**Records for this exercise:**
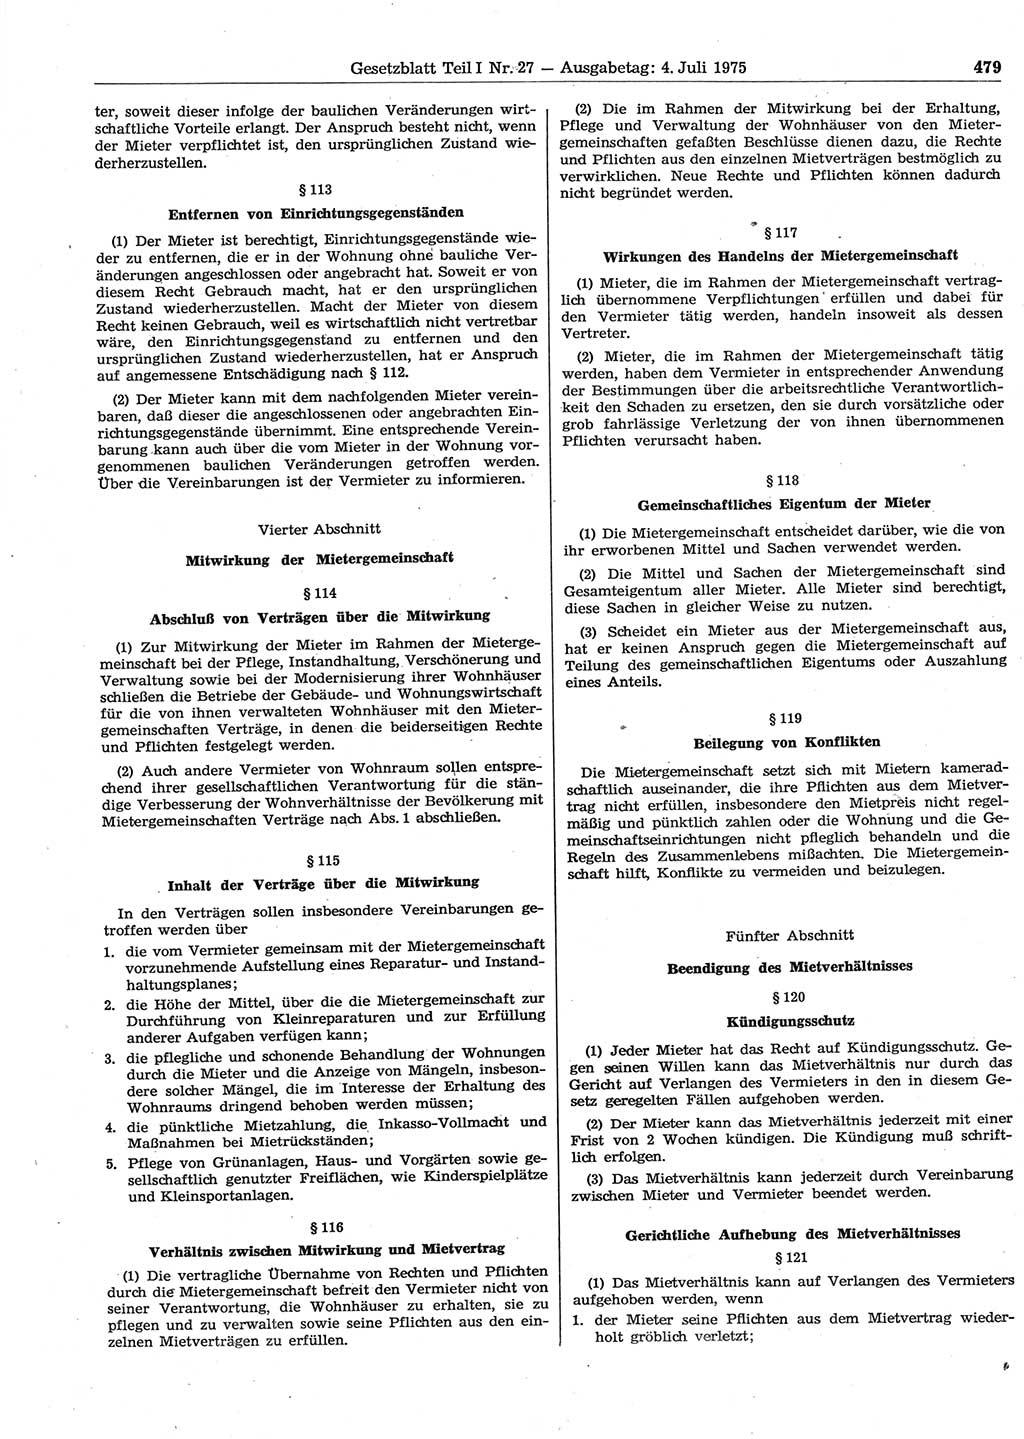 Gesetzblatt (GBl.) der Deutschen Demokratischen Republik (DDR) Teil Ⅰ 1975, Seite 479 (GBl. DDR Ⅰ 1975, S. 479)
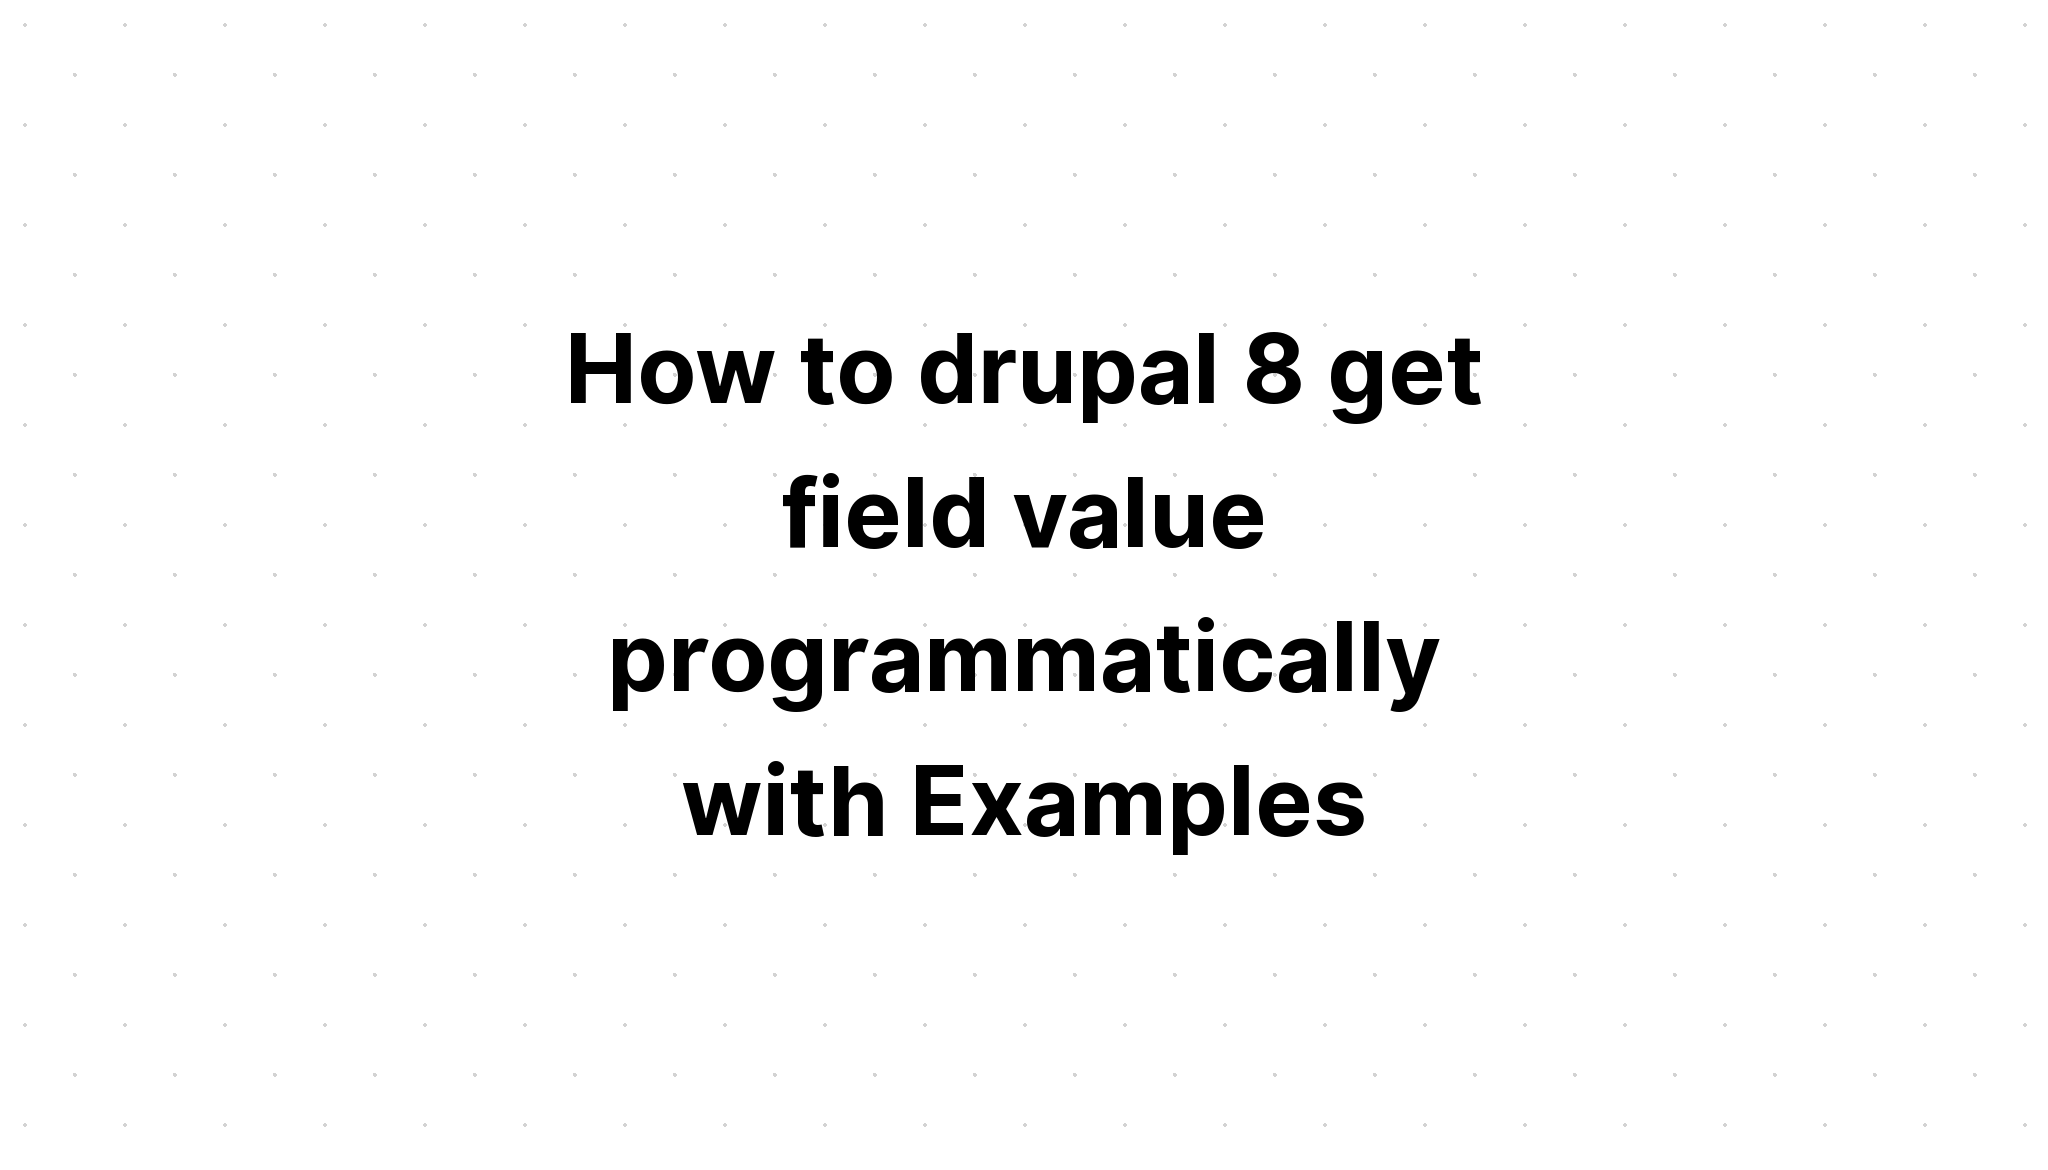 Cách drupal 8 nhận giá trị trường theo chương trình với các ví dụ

...

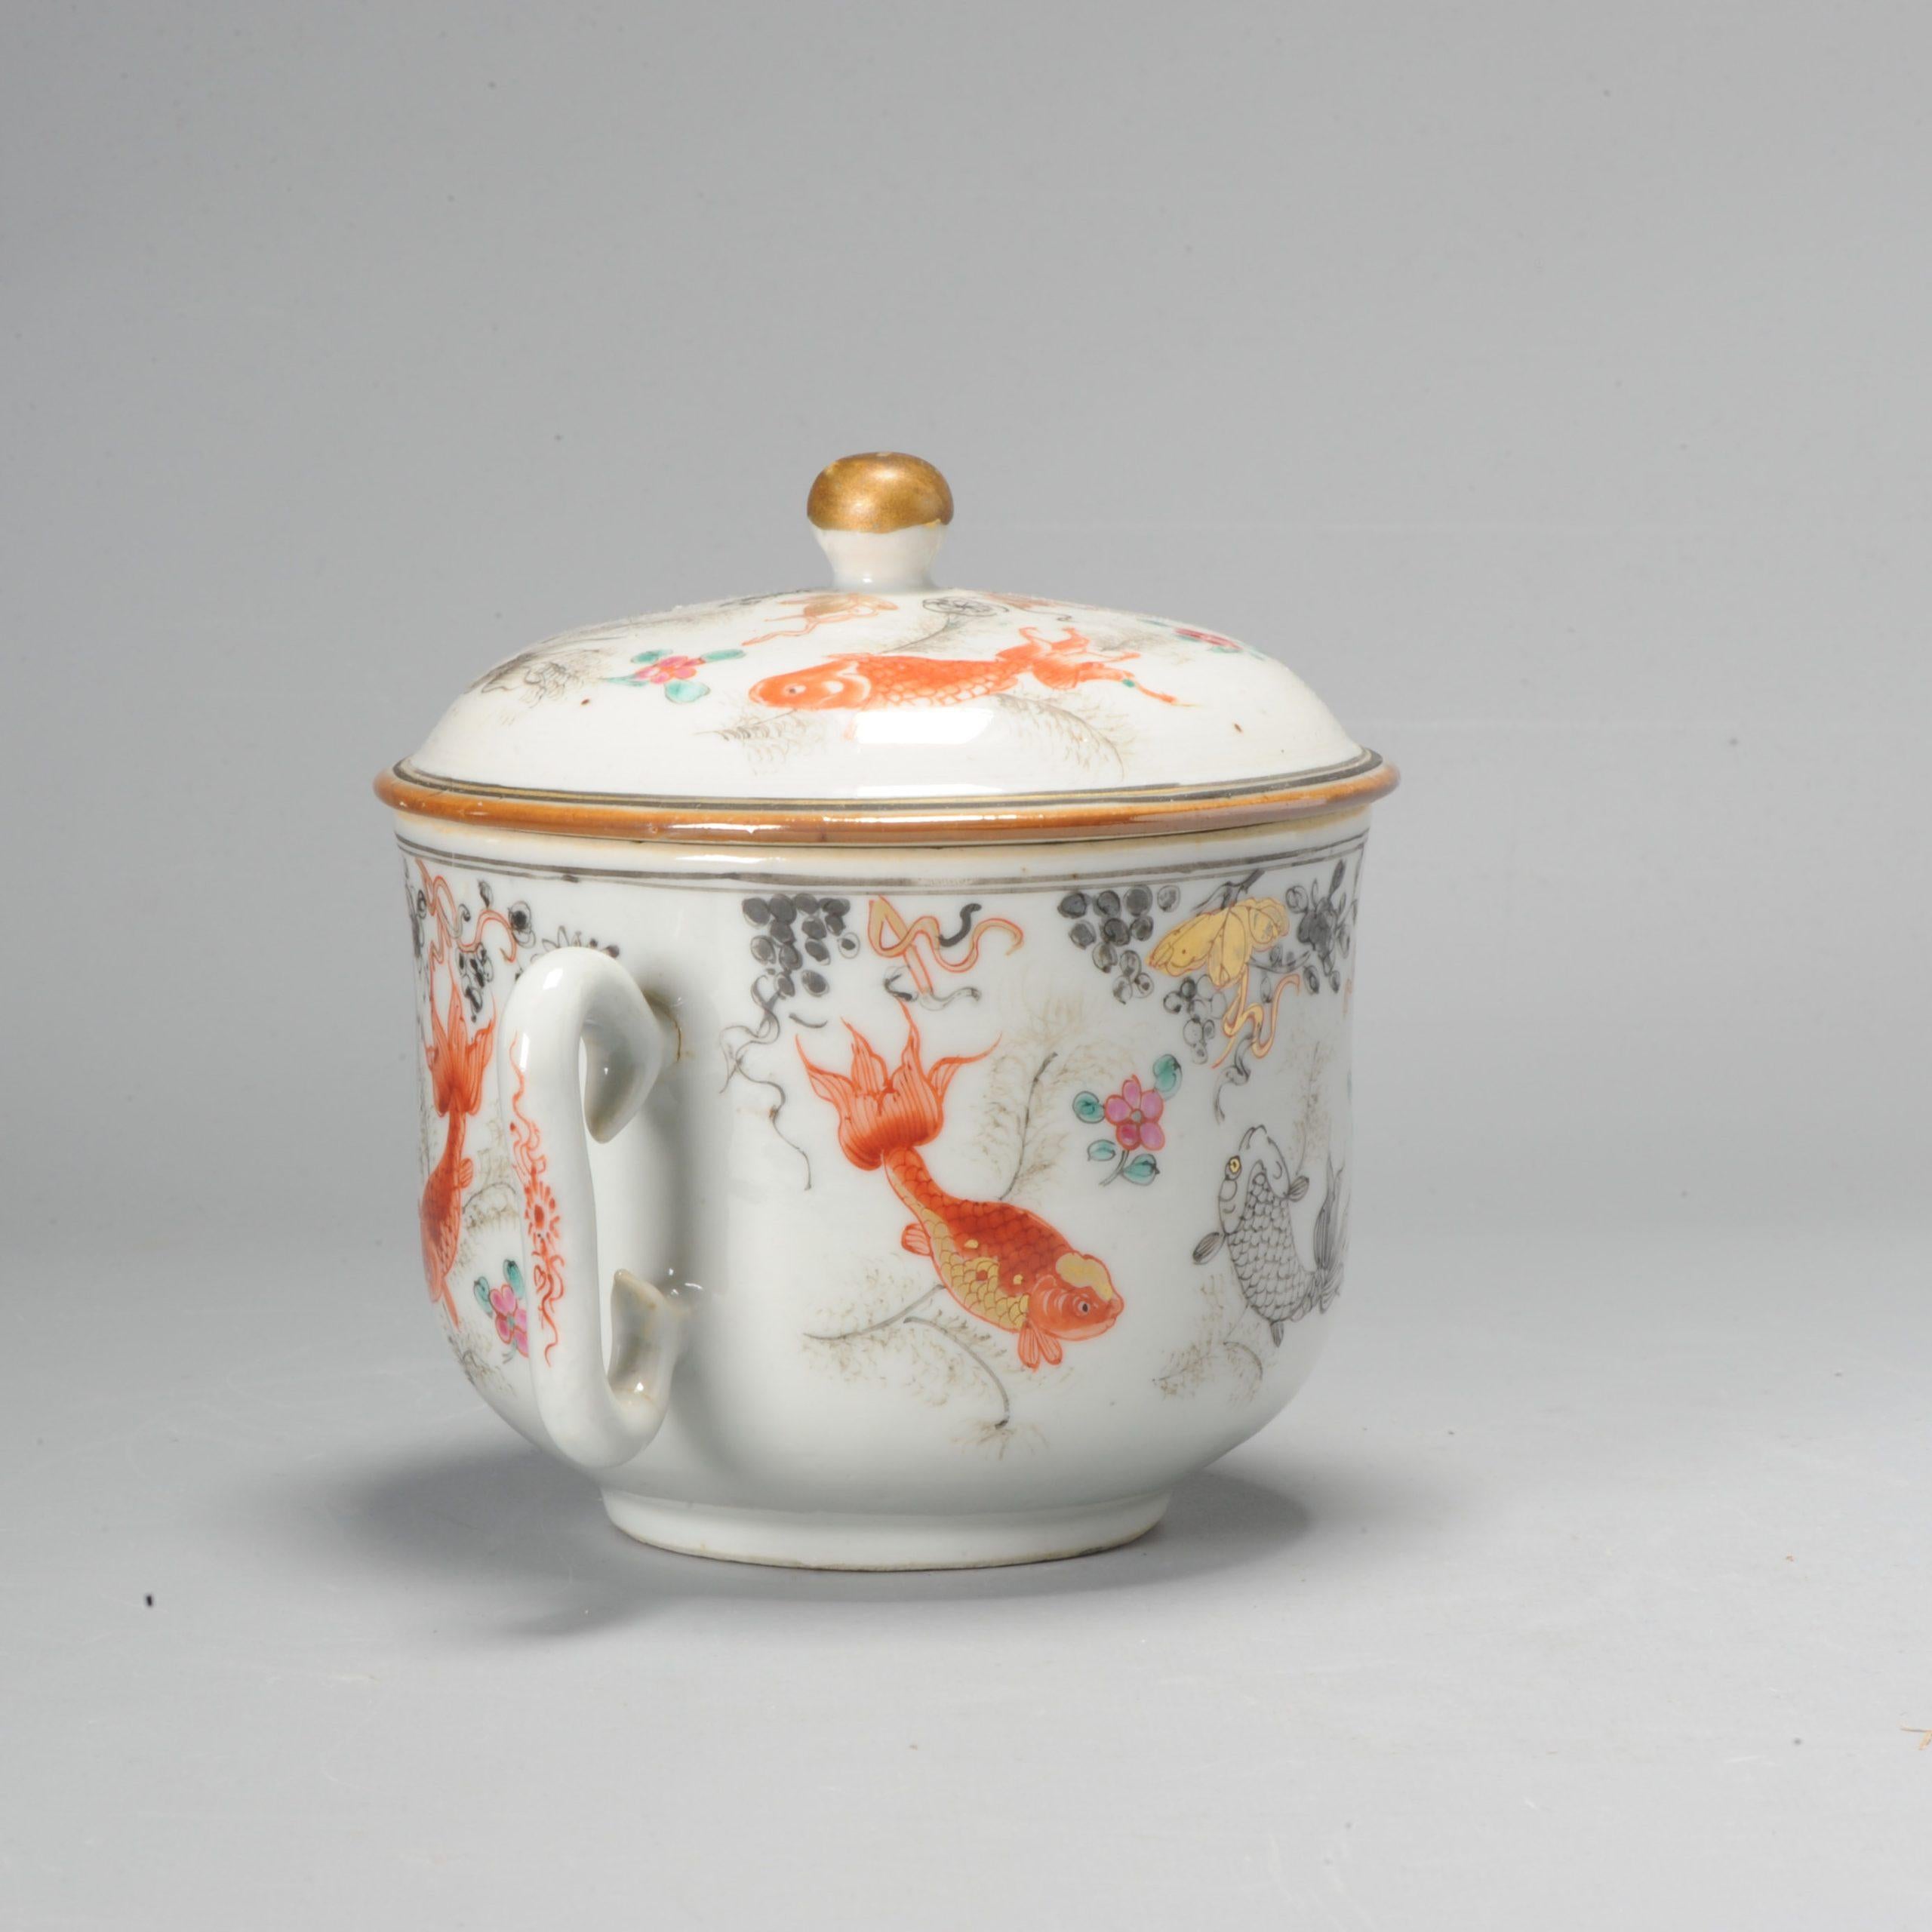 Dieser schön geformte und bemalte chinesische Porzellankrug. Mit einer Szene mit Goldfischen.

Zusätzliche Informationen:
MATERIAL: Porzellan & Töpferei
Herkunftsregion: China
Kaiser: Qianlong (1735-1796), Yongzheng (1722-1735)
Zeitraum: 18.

--

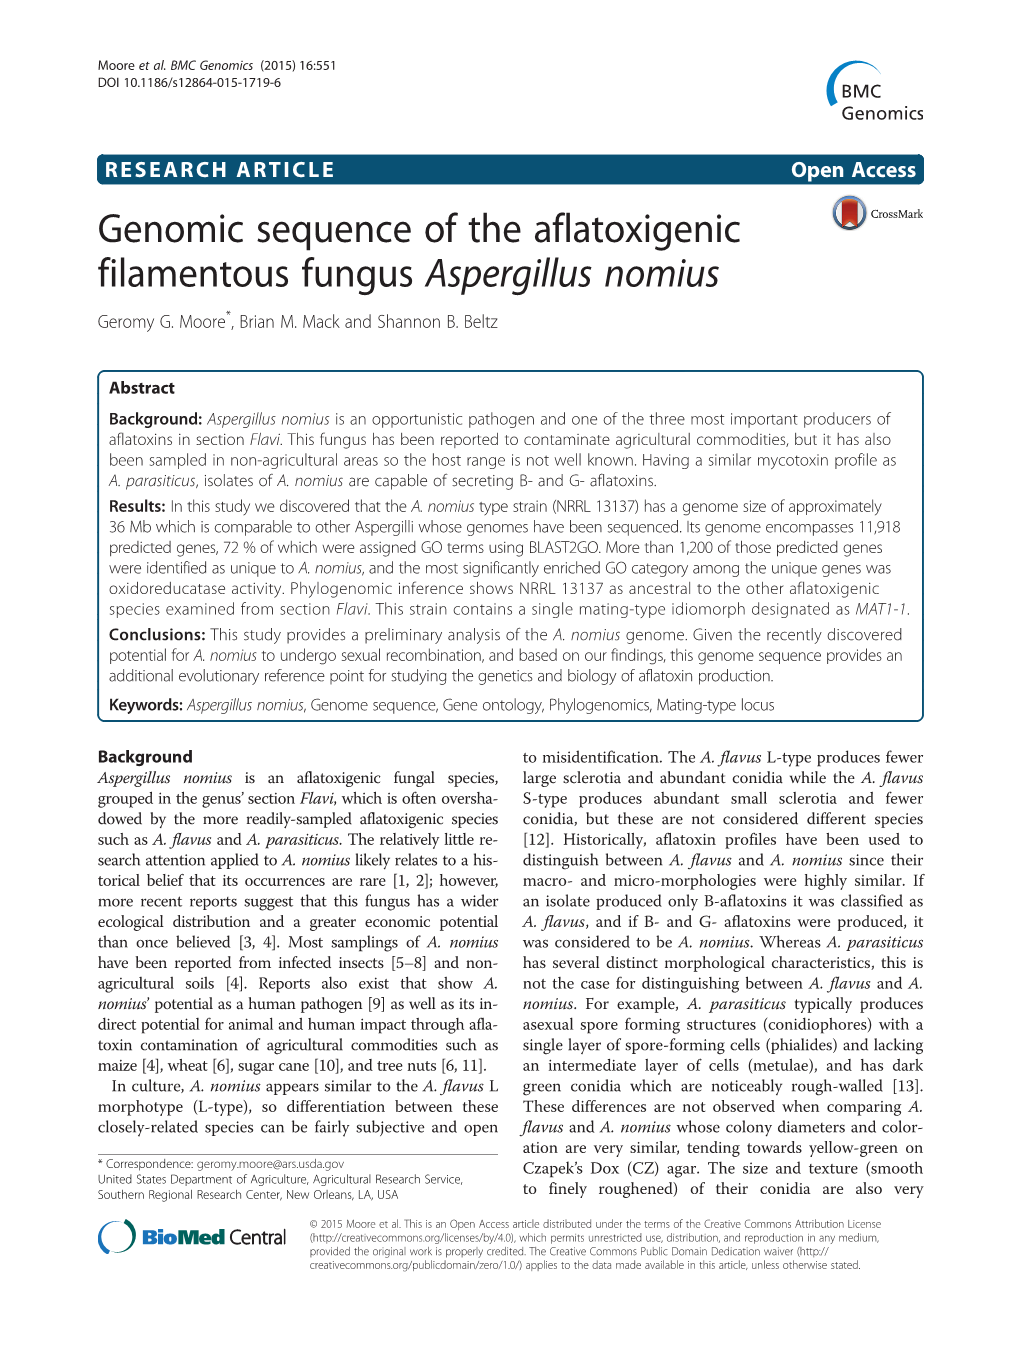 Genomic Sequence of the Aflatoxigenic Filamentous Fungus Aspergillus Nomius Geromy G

**What this task involves:** Nothing outside the stretch above, from the line with "Gesetzblatt (GBl.) der" through the line with "Cách drupal 8", is set down. Transcribe that stretch exactly, ends included, but not its pictures.

**Task solution:**
 Gesetzblatt (GBl.) der Deutschen Demokratischen Republik (DDR) Teil Ⅰ 1975, Seite 479 (GBl. DDR Ⅰ 1975, S. 479)
 Cách drupal 8 nhận giá trị trường theo chương trình với các ví dụ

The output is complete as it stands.